Cuando se cierran los ojos (los rasgados o los tuyos) sí, el mundo sigue, pero nada es igual…

Tania... / Agosto 31st, 2007, 7:37 pm / #

Los aeropuertos son lugares fascinantes porque, con todo lo incómodos e impersonales que pueden resultar, están llenos de carga emotiva… tú y yo nos conocimos en un aeroupuerto, en la banda de equipaje, ¿hay algo más cosmopolita que eso?

Dada / Septiembre 9th, 2007, 10:17 am / #

Sublime articulo muy sabroso e ingenioso!!

Fraga

Fraga / Septiembre 10th, 2007, 3:24 am / #

Yo recorri 16 caminos de hormigas. Pero el amor se acabò antes de que las hormigas se terminacen su comida en el invierno.

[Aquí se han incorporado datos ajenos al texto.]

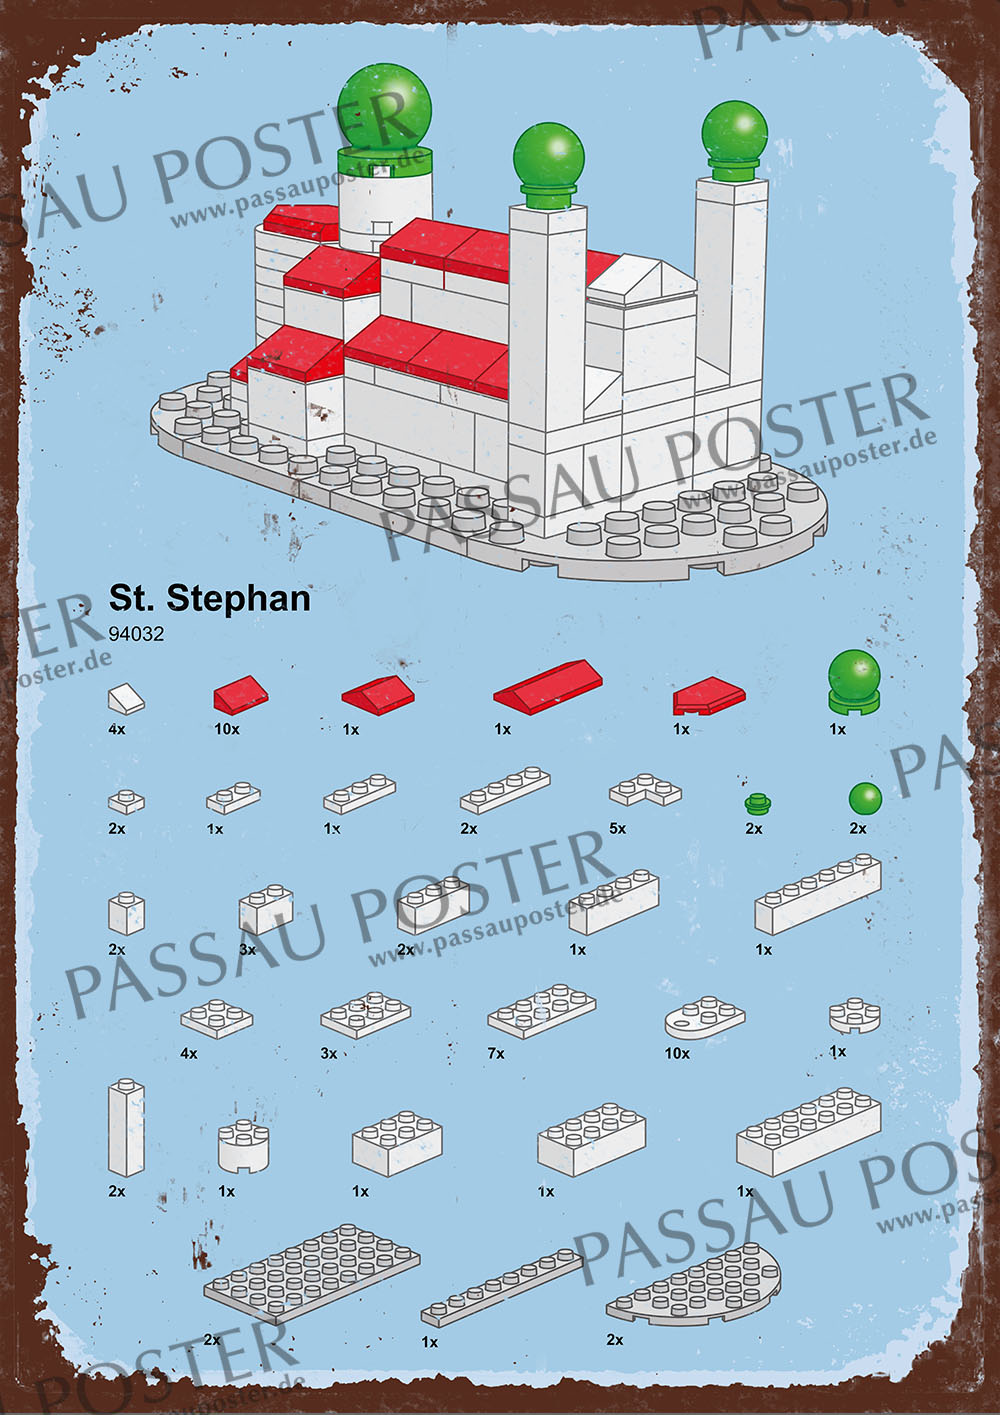 Passau Poster - Passau Stein auf Stein

Flor / Septiembre 17th, 2007, 4:16 am / #

terminasen sin el se y con “s” creo que debo dormir.

Quizà despuès.

Flor / Septiembre 17th, 2007, 4:19 am / #



daynita / Diciembre 17th, 2007, 8:07 pm / #

intenté regresarle a niño el amor de su vida. creo que no aparecerá en esta plataforma. de cualquier modo, publicaré una imagen de ella en mi página. saludos. el frío aquí es horrible. sin embargo lo siento más en el alma.